The correlation between random temperatures and Value Added Scores

Posted on November 2, 2012


I think most people would agree that it makes sense to evaluate people on the job they are doing. I think it is safe to say most people appreciate valuable feedback and constructive criticism. (Well probably not my wife, or myself so much, but stick with me here.) Ideally, if you are going to be on the receiving end of a critique we would all prefer that the evaluation is both impartial and accurate and that it is delivered in such a way that it helps us improve our work product. Louisiana has adopted a measure of evaluating teachers called Value Added Modeling or VAM for short. This is a very complex system of evaluating teacher performance through the performance of their students – on a few specific subjects and tests.
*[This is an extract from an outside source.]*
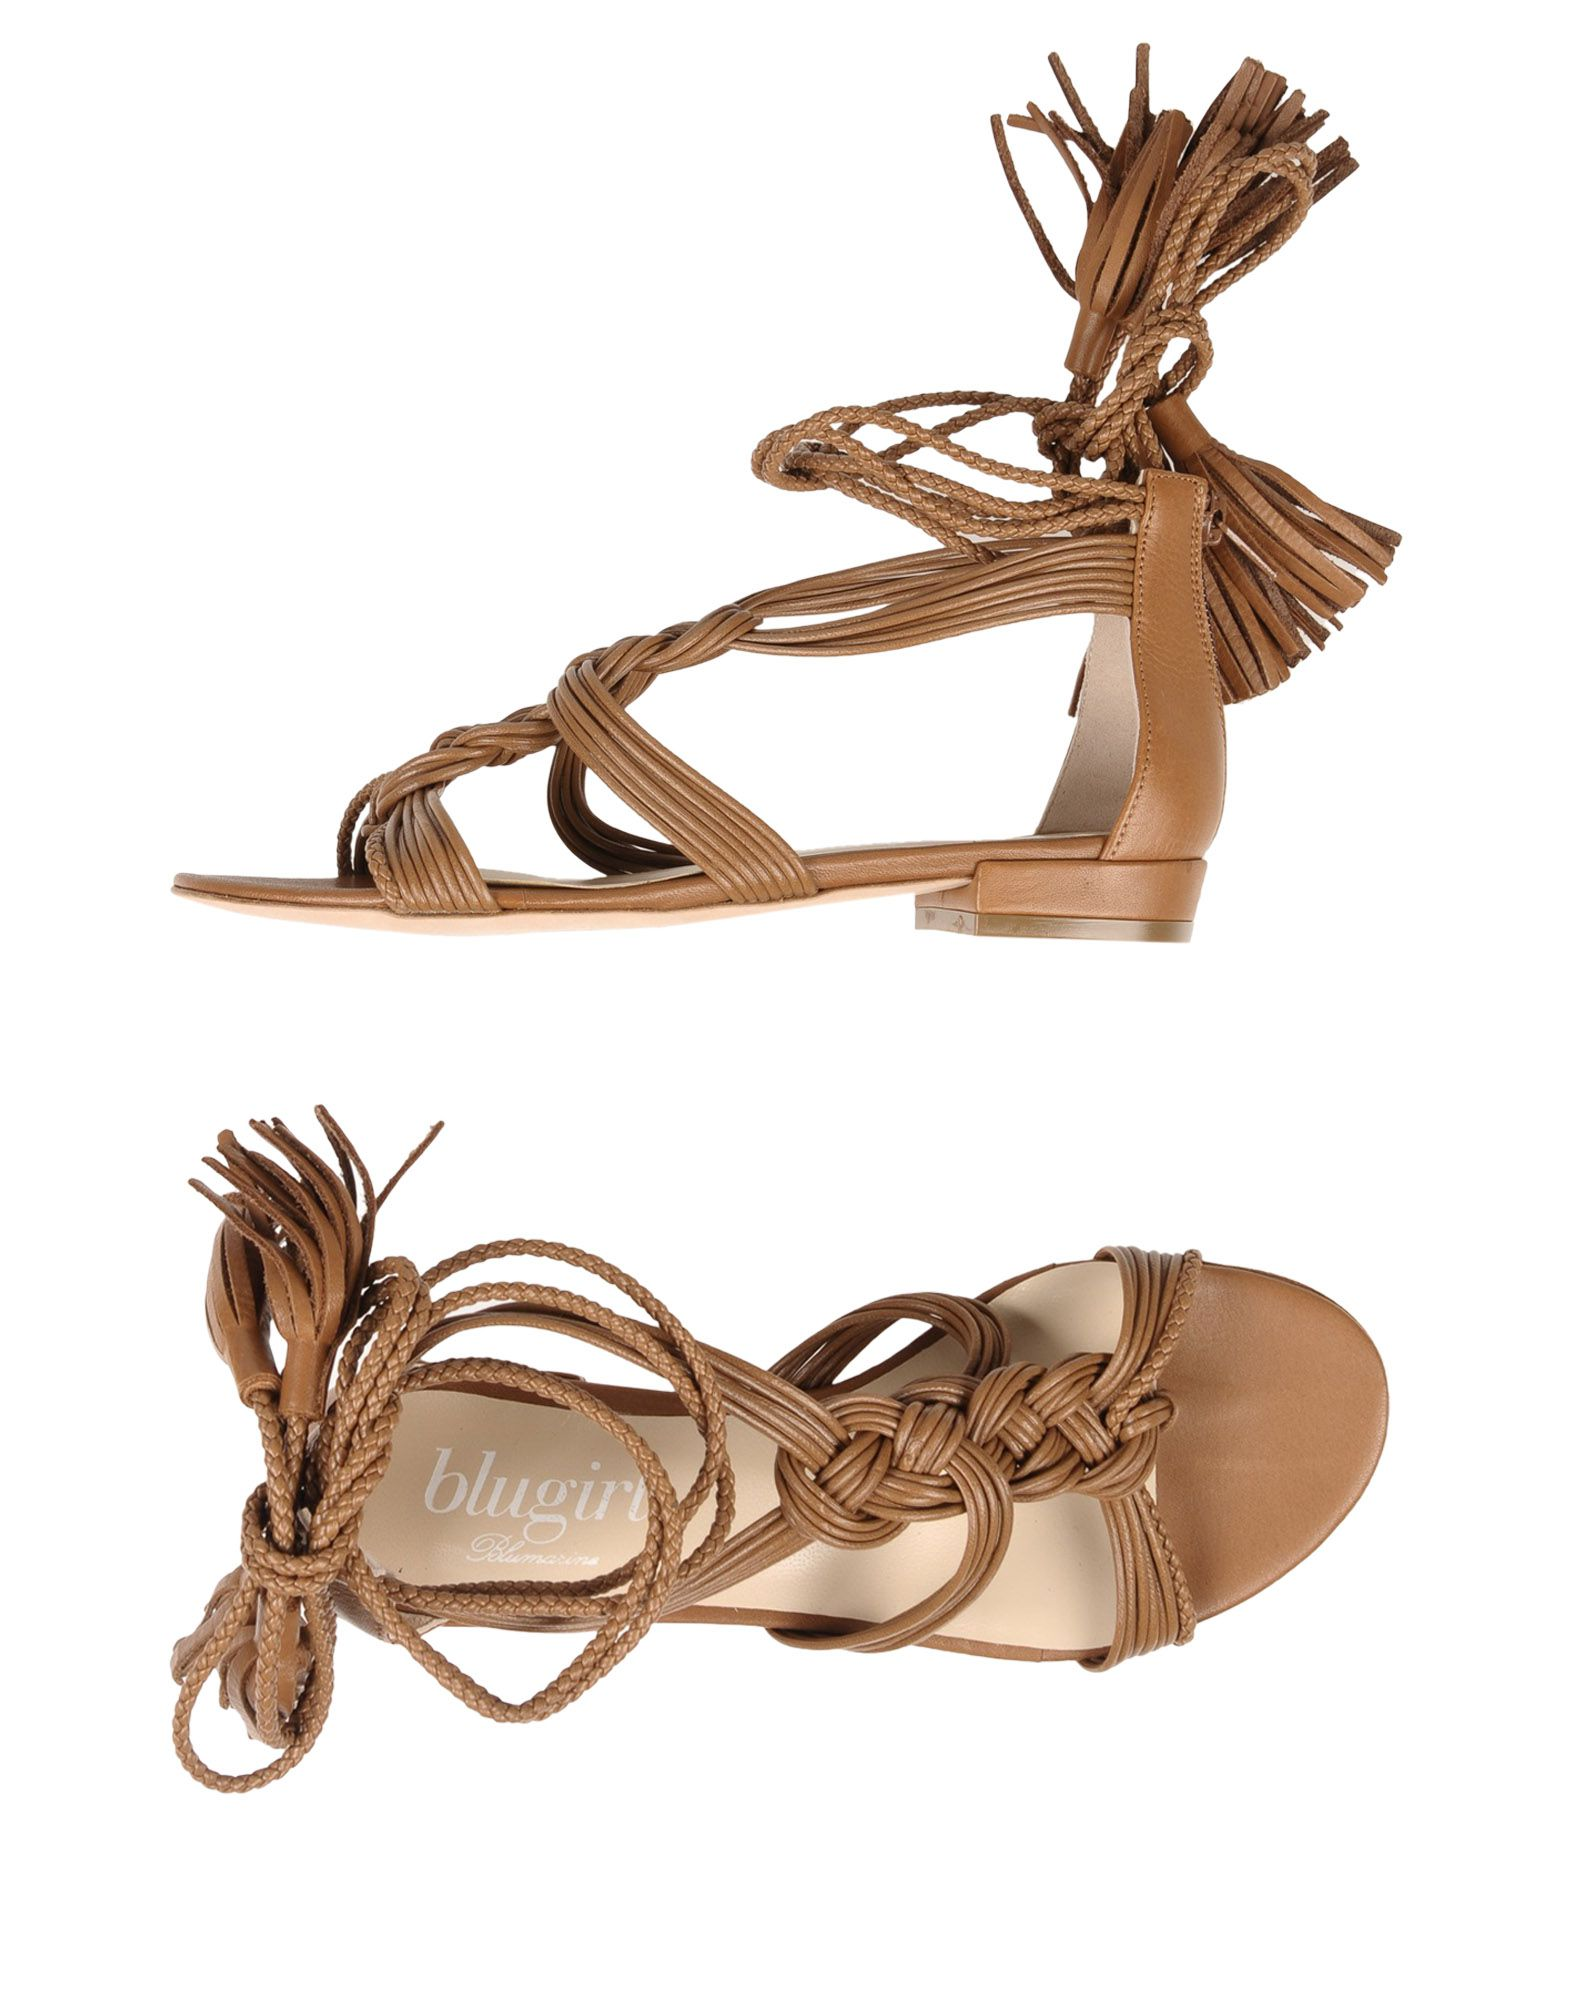 Blugirl Blumarine Sandalen Damen  11416366BM Gute Qualität beliebte Schuhe

If you’re really bored and really statistically savvy you can review a self-analysis of this system by its creators at the end of this post. If you’d like to defer to my analysis just keep reading.
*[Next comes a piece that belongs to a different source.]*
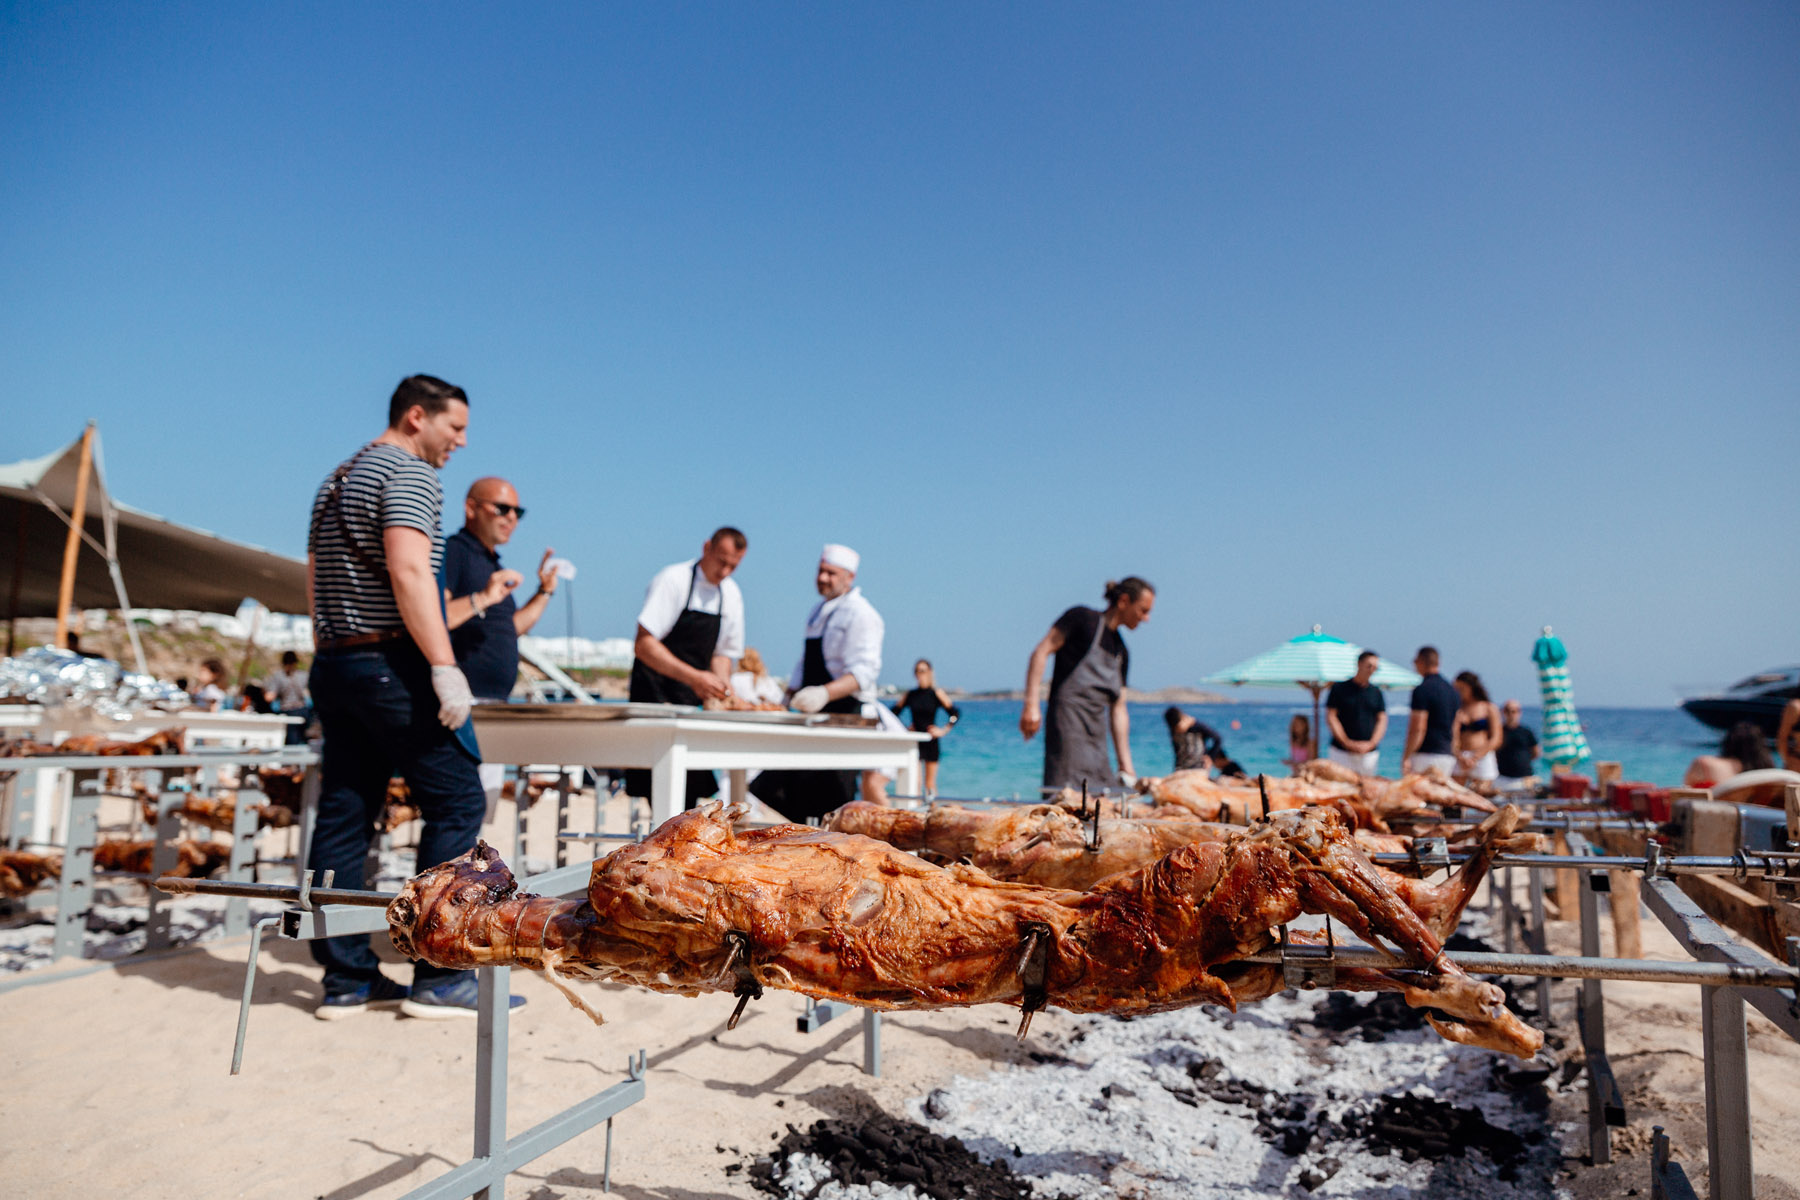 Greek Orthodox Easter celebration at Nammos beach club

In layman’s terms, the idea behind this system is trying to figure out what a student would have scored with a shitty teacher, average teacher and awesome teacher, based on their previous performance. Once we figure out what those expected scores should be for each student, we check their actual scores and link those results to their actual teacher(s). If a student scores in the awesome range, their teacher must be awesome – by association.

If they score in the less than awesome range well then their teacher or at least their abilities look something like this.

So in short. . . If this evaluation system was just based on raw student scores teachers with the good students would be awesome. Teachers with the bad students would be crap. To equalize the playing field a Child Psychologist named George Noell developed a mathematical model that is supposed to factor in the quality of a teacher’s raw material. Using historical data, trends and complicated averaging methods he extrapolated what a given student’s average score should be if they were given an average teacher. If a student does better than this “expected average score increase” you are a better than average teacher. If the student does worse, you negatively impacted your student with your crapitude. Congratulations.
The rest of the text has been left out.